(Extracted records)
+++
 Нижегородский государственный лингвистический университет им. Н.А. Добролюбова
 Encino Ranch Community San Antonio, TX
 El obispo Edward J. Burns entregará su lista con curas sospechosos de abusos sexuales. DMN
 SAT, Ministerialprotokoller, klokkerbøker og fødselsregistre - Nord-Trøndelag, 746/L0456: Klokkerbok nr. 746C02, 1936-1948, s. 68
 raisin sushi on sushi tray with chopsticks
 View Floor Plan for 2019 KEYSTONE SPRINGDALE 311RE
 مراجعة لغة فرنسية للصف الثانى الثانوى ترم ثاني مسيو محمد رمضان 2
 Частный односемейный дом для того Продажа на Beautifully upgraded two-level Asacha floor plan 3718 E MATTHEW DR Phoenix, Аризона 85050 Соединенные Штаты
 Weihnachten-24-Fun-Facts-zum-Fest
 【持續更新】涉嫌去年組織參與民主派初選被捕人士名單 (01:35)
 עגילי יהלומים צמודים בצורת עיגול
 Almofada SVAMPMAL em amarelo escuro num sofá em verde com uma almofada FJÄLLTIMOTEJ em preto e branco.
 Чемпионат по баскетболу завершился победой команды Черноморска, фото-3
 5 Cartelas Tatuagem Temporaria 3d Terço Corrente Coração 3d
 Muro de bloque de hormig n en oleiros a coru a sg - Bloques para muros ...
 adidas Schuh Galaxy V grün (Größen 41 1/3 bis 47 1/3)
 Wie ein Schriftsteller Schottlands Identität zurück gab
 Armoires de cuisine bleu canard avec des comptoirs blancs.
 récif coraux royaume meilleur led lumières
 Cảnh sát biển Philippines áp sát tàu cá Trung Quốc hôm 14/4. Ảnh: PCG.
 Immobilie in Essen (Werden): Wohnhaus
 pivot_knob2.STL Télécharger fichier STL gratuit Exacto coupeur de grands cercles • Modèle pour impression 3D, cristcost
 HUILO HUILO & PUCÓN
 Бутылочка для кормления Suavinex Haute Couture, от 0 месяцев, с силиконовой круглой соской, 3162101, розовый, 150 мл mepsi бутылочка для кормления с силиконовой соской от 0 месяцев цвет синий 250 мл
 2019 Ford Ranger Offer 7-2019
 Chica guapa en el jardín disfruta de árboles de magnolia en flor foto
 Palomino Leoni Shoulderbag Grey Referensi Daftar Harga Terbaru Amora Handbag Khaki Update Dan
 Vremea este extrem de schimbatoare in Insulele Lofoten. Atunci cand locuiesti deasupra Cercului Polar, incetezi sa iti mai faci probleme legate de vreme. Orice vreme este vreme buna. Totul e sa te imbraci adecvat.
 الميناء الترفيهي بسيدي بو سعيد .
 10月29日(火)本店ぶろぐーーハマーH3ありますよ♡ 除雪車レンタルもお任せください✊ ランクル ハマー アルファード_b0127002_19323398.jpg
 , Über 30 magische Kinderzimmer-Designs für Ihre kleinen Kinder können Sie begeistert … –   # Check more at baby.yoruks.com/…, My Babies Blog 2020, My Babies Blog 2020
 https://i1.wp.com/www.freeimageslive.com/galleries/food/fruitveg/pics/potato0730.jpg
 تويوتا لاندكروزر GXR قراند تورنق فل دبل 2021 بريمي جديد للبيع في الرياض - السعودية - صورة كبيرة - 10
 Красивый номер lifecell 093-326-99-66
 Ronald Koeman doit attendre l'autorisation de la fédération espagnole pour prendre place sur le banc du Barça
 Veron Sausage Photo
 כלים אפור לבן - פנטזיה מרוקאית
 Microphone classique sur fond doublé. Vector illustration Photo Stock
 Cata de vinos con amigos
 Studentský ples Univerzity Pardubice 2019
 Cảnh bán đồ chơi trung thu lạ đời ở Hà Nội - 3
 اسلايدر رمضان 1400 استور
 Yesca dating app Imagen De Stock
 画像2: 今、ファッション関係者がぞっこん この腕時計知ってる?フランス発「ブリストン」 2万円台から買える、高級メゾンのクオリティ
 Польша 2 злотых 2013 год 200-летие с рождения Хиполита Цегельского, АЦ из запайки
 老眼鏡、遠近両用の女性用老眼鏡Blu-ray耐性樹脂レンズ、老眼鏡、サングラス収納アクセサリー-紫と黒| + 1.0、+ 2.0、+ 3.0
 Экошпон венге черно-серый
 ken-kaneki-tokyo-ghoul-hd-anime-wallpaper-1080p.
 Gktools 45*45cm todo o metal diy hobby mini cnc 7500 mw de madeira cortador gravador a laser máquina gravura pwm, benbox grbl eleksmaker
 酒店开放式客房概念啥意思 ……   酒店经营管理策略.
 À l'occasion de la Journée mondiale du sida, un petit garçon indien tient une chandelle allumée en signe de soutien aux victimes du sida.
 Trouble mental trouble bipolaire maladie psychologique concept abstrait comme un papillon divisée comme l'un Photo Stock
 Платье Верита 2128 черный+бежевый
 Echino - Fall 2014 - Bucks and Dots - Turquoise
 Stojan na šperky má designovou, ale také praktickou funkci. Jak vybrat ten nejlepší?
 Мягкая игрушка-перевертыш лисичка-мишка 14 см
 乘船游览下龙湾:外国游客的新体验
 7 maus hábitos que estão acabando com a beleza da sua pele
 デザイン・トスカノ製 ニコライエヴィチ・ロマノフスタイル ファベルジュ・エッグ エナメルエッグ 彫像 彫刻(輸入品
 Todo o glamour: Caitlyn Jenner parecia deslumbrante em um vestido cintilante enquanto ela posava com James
+++
**WORK ITEM:**
Each of the records should be retyped exactly.

**TASK OUTPUT:**
 Нижегородский государственный лингвистический университет им. Н.А. Добролюбова
 Encino Ranch Community San Antonio, TX
 El obispo Edward J. Burns entregará su lista con curas sospechosos de abusos sexuales. DMN
 SAT, Ministerialprotokoller, klokkerbøker og fødselsregistre - Nord-Trøndelag, 746/L0456: Klokkerbok nr. 746C02, 1936-1948, s. 68
 raisin sushi on sushi tray with chopsticks
 View Floor Plan for 2019 KEYSTONE SPRINGDALE 311RE
 مراجعة لغة فرنسية للصف الثانى الثانوى ترم ثاني مسيو محمد رمضان 2
 Частный односемейный дом для того Продажа на Beautifully upgraded two-level Asacha floor plan 3718 E MATTHEW DR Phoenix, Аризона 85050 Соединенные Штаты
 Weihnachten-24-Fun-Facts-zum-Fest
 【持續更新】涉嫌去年組織參與民主派初選被捕人士名單 (01:35)
 עגילי יהלומים צמודים בצורת עיגול
 Almofada SVAMPMAL em amarelo escuro num sofá em verde com uma almofada FJÄLLTIMOTEJ em preto e branco.
 Чемпионат по баскетболу завершился победой команды Черноморска, фото-3
 5 Cartelas Tatuagem Temporaria 3d Terço Corrente Coração 3d
 Muro de bloque de hormig n en oleiros a coru a sg - Bloques para muros ...
 adidas Schuh Galaxy V grün (Größen 41 1/3 bis 47 1/3)
 Wie ein Schriftsteller Schottlands Identität zurück gab
 Armoires de cuisine bleu canard avec des comptoirs blancs.
 récif coraux royaume meilleur led lumières
 Cảnh sát biển Philippines áp sát tàu cá Trung Quốc hôm 14/4. Ảnh: PCG.
 Immobilie in Essen (Werden): Wohnhaus
 pivot_knob2.STL Télécharger fichier STL gratuit Exacto coupeur de grands cercles • Modèle pour impression 3D, cristcost
 HUILO HUILO & PUCÓN
 Бутылочка для кормления Suavinex Haute Couture, от 0 месяцев, с силиконовой круглой соской, 3162101, розовый, 150 мл mepsi бутылочка для кормления с силиконовой соской от 0 месяцев цвет синий 250 мл
 2019 Ford Ranger Offer 7-2019
 Chica guapa en el jardín disfruta de árboles de magnolia en flor foto
 Palomino Leoni Shoulderbag Grey Referensi Daftar Harga Terbaru Amora Handbag Khaki Update Dan
 Vremea este extrem de schimbatoare in Insulele Lofoten. Atunci cand locuiesti deasupra Cercului Polar, incetezi sa iti mai faci probleme legate de vreme. Orice vreme este vreme buna. Totul e sa te imbraci adecvat.
 الميناء الترفيهي بسيدي بو سعيد .
 10月29日(火)本店ぶろぐーーハマーH3ありますよ♡ 除雪車レンタルもお任せください✊ ランクル ハマー アルファード_b0127002_19323398.jpg
 , Über 30 magische Kinderzimmer-Designs für Ihre kleinen Kinder können Sie begeistert … –   # Check more at baby.yoruks.com/…, My Babies Blog 2020, My Babies Blog 2020
 https://i1.wp.com/www.freeimageslive.com/galleries/food/fruitveg/pics/potato0730.jpg
 تويوتا لاندكروزر GXR قراند تورنق فل دبل 2021 بريمي جديد للبيع في الرياض - السعودية - صورة كبيرة - 10
 Красивый номер lifecell 093-326-99-66
 Ronald Koeman doit attendre l'autorisation de la fédération espagnole pour prendre place sur le banc du Barça
 Veron Sausage Photo
 כלים אפור לבן - פנטזיה מרוקאית
 Microphone classique sur fond doublé. Vector illustration Photo Stock
 Cata de vinos con amigos
 Studentský ples Univerzity Pardubice 2019
 Cảnh bán đồ chơi trung thu lạ đời ở Hà Nội - 3
 اسلايدر رمضان 1400 استور
 Yesca dating app Imagen De Stock
 画像2: 今、ファッション関係者がぞっこん この腕時計知ってる?フランス発「ブリストン」 2万円台から買える、高級メゾンのクオリティ
 Польша 2 злотых 2013 год 200-летие с рождения Хиполита Цегельского, АЦ из запайки
 老眼鏡、遠近両用の女性用老眼鏡Blu-ray耐性樹脂レンズ、老眼鏡、サングラス収納アクセサリー-紫と黒| + 1.0、+ 2.0、+ 3.0
 Экошпон венге черно-серый
 ken-kaneki-tokyo-ghoul-hd-anime-wallpaper-1080p.
 Gktools 45*45cm todo o metal diy hobby mini cnc 7500 mw de madeira cortador gravador a laser máquina gravura pwm, benbox grbl eleksmaker
 酒店开放式客房概念啥意思 ……   酒店经营管理策略.
 À l'occasion de la Journée mondiale du sida, un petit garçon indien tient une chandelle allumée en signe de soutien aux victimes du sida.
 Trouble mental trouble bipolaire maladie psychologique concept abstrait comme un papillon divisée comme l'un Photo Stock
 Платье Верита 2128 черный+бежевый
 Echino - Fall 2014 - Bucks and Dots - Turquoise
 Stojan na šperky má designovou, ale také praktickou funkci. Jak vybrat ten nejlepší?
 Мягкая игрушка-перевертыш лисичка-мишка 14 см
 乘船游览下龙湾:外国游客的新体验
 7 maus hábitos que estão acabando com a beleza da sua pele
 デザイン・トスカノ製 ニコライエヴィチ・ロマノフスタイル ファベルジュ・エッグ エナメルエッグ 彫像 彫刻(輸入品
 Todo o glamour: Caitlyn Jenner parecia deslumbrante em um vestido cintilante enquanto ela posava com James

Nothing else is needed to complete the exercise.